191. Number of 1 Bits

Write a function that takes an unsigned integer and return the number of ‘1’ bits it has (also known as the Hamming weight).

Example 1:

Input: 00000000000000000000000000001011
Output: 3
Explanation: The input binary string 00000000000000000000000000001011 has a total of three ‘1’ bits.
Example 2:

Input: 00000000000000000000000010000000
Output: 1
Explanation: The input binary string 00000000000000000000000010000000 has a total of one ‘1’ bit.
Example 3:

Input: 11111111111111111111111111111101
Output: 31
Explanation: The input binary string 11111111111111111111111111111101 has a total of thirty one ‘1’ bits.

Note:

Note that in some languages such as Java, there is no unsigned integer type. In this case, the input will be given as signed integer type and should not affect your implementation, as the internal binary representation of the integer is the same whether it is signed or unsigned.
In Java, the compiler represents the signed integers using 2’s complement notation.
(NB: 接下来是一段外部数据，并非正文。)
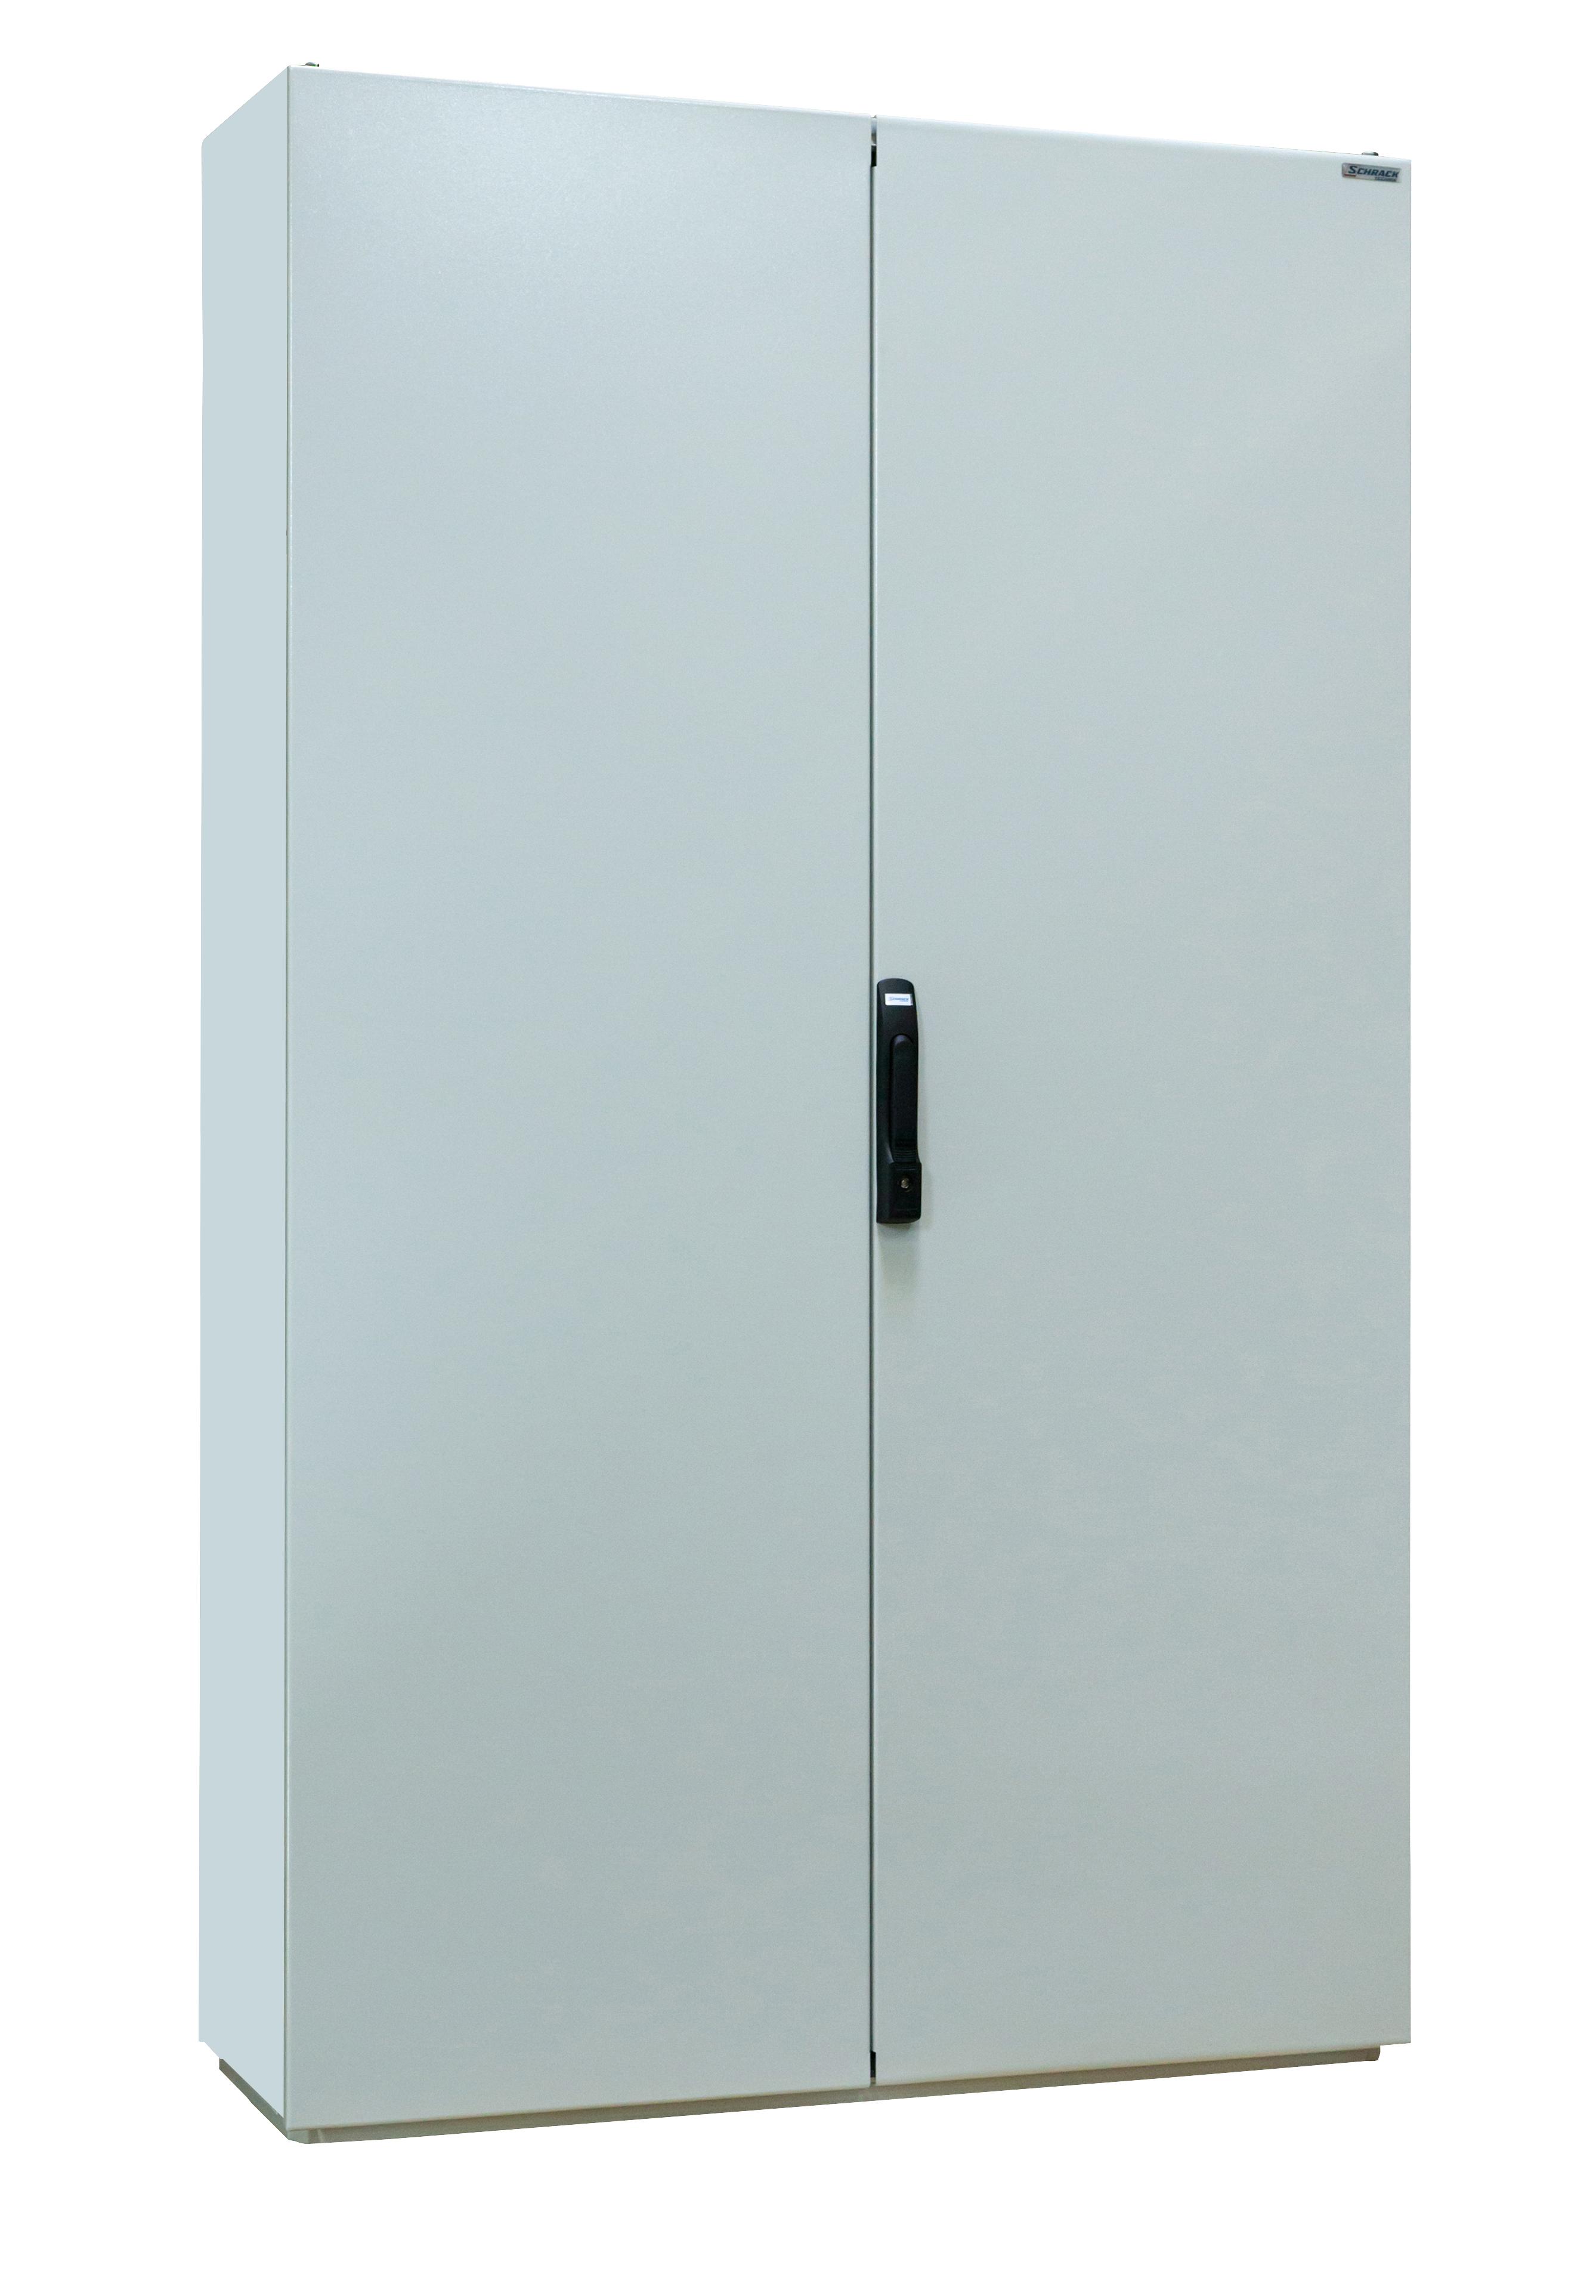 1 Stk Kompaktschrank 2-türig, 1800x1600x500mm, RAL 7035 KS181652-5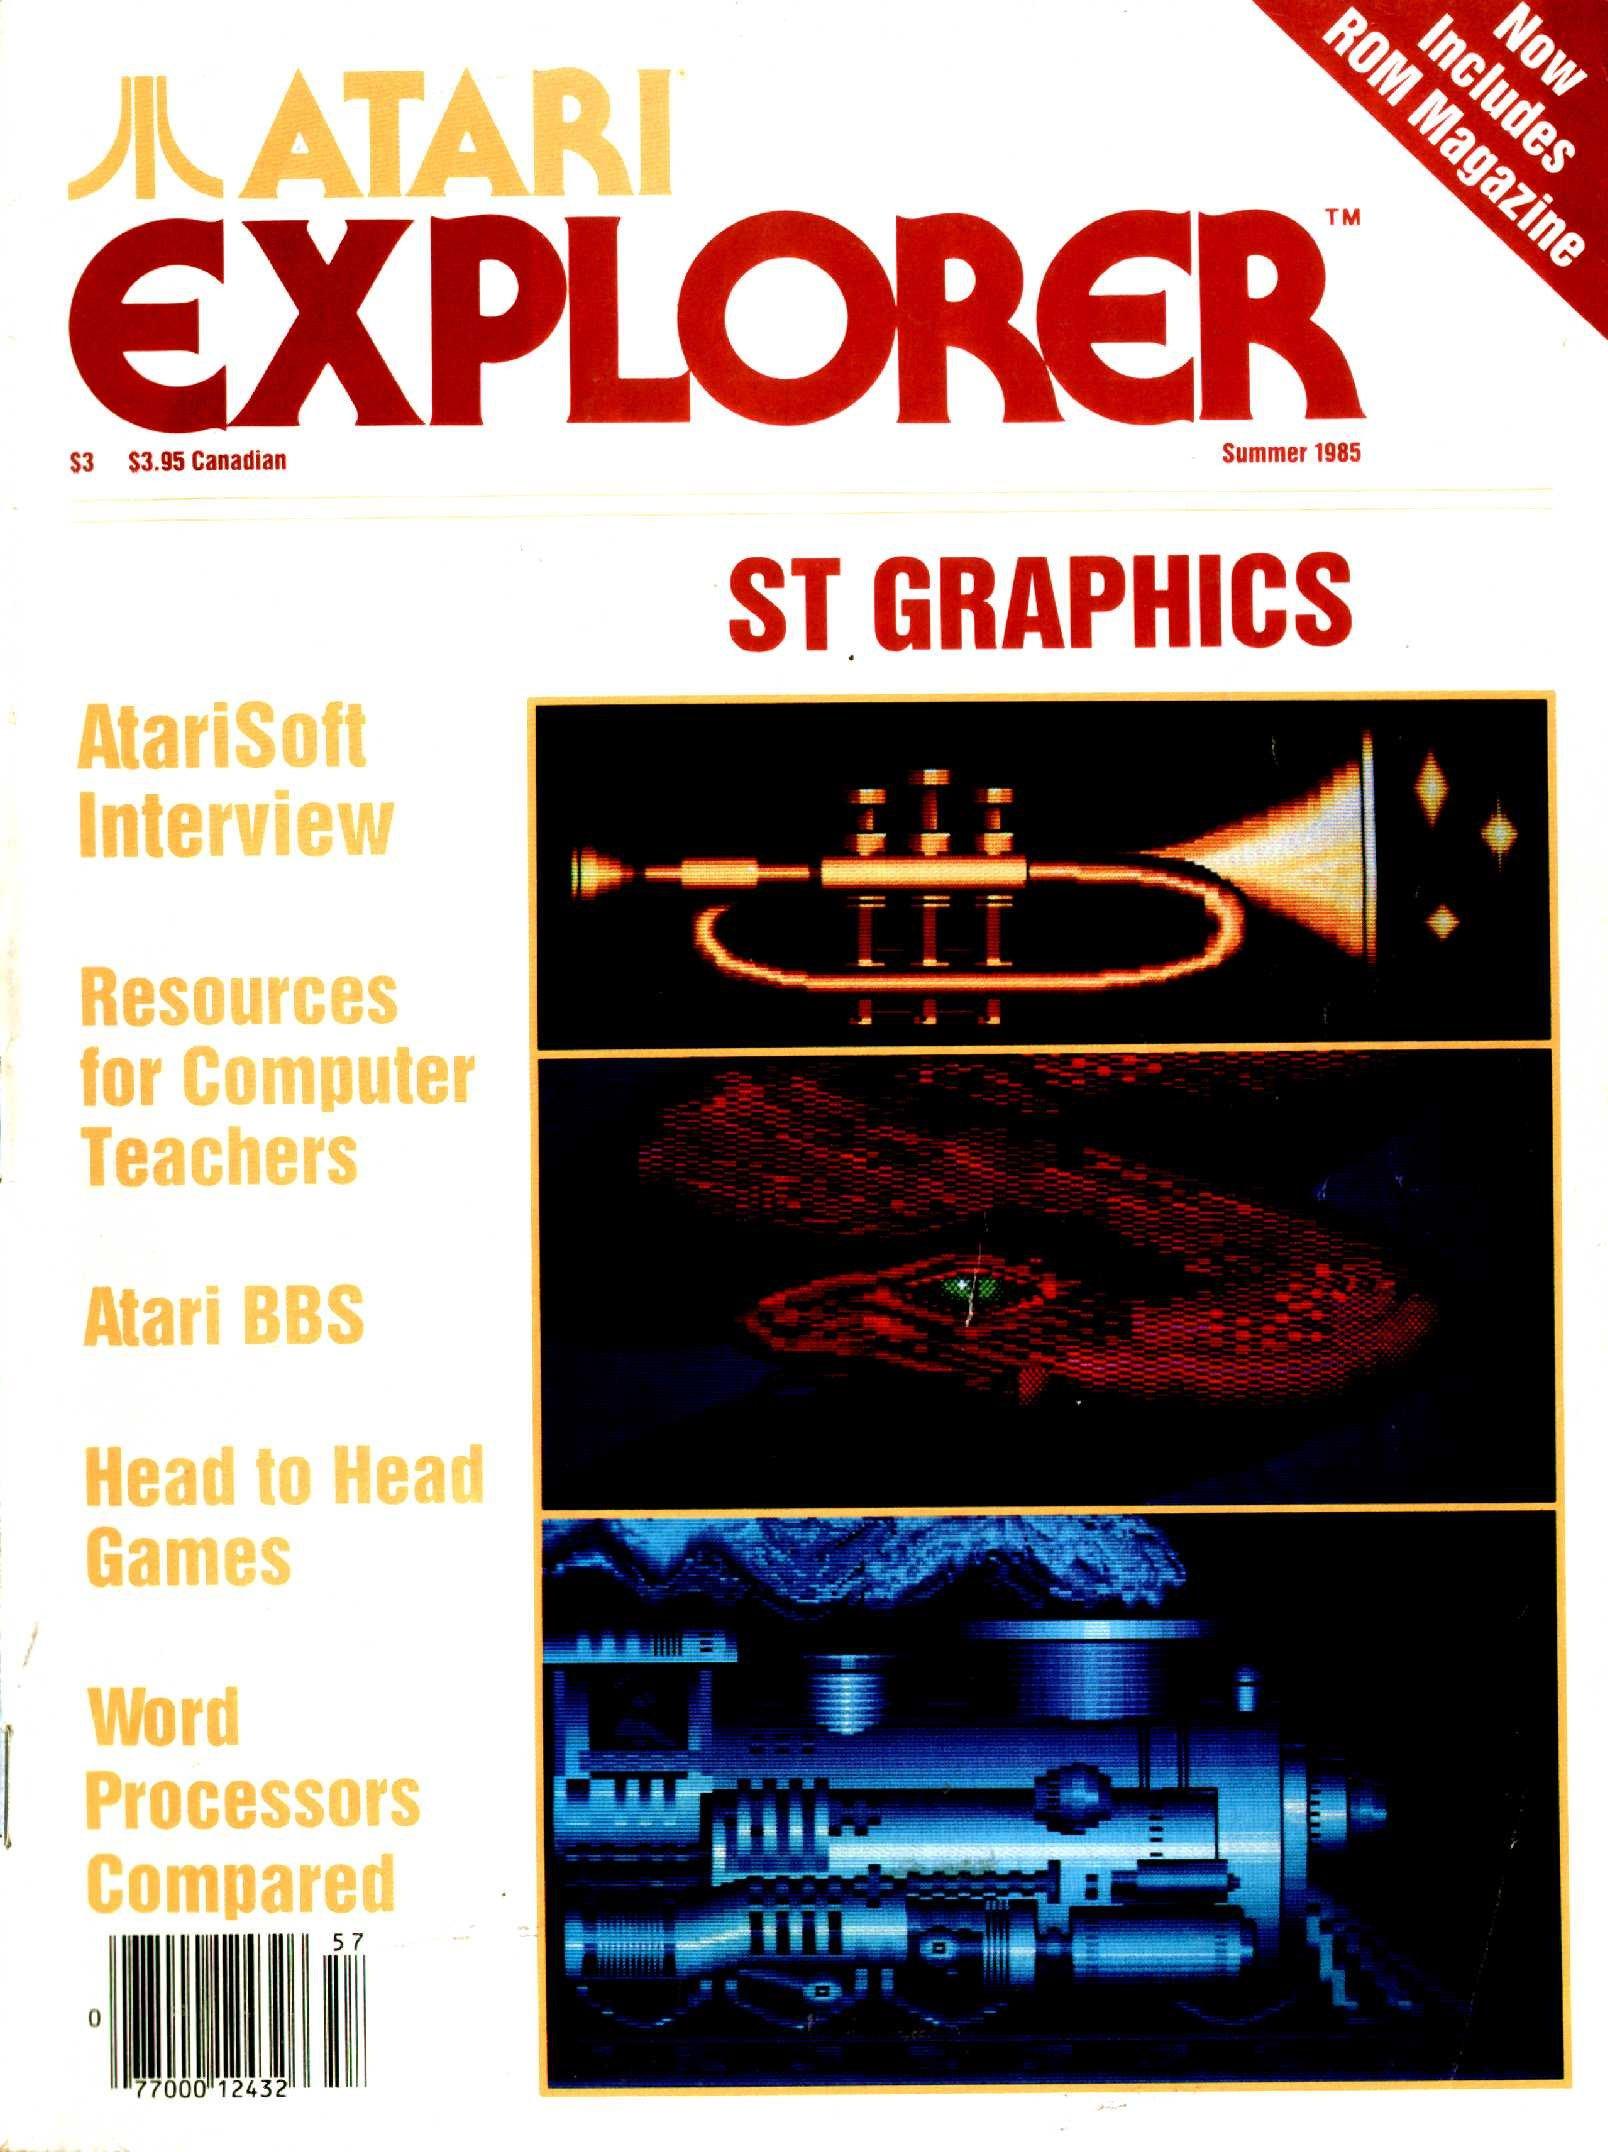 Atari Explorer Issue 02 (Summer 1985)

Therefore, in Example 3 above the input represents the signed integer -3.
解读：
统计32位无符号二进制包含1的个数。
方法1
采用循环移位的方式，判断末尾是否为1.
代码如下：

class Solution {
public:
    int hammingWeight(uint32_t n) {
        int nums = 0;
        for(int i=0; i < 32; i++)
        {
            if(n &1 % 2 == 1)
                nums ++;
            n >>= 1;
        }
        return nums;
    }
};

执行结果：

方法2:

class Solution {
public:
    int hammingWeight(uint32_t n) {
        int nums = 0;
        while(n)
        {
            n = n&(n-1);
            nums ++;
        }
        return nums;
    }
};

其中n&(n-1)每次处理都会把二进制中最低位的1去掉。
例如，二进制为：00101100
If n = 00101100, then n – 1 = 00101011, so n & (n – 1) = 00101100 & 00101011 = 00101000. Count = 1.

If n = 00101000, then n – 1 = 00100111, so n & (n – 1) = 00101000 & 00100111 = 00100000. Count = 2.

If n = 00100000, then n – 1 = 00011111, so n & (n – 1) = 00100000 & 00011111 = 00000000. Count = 3.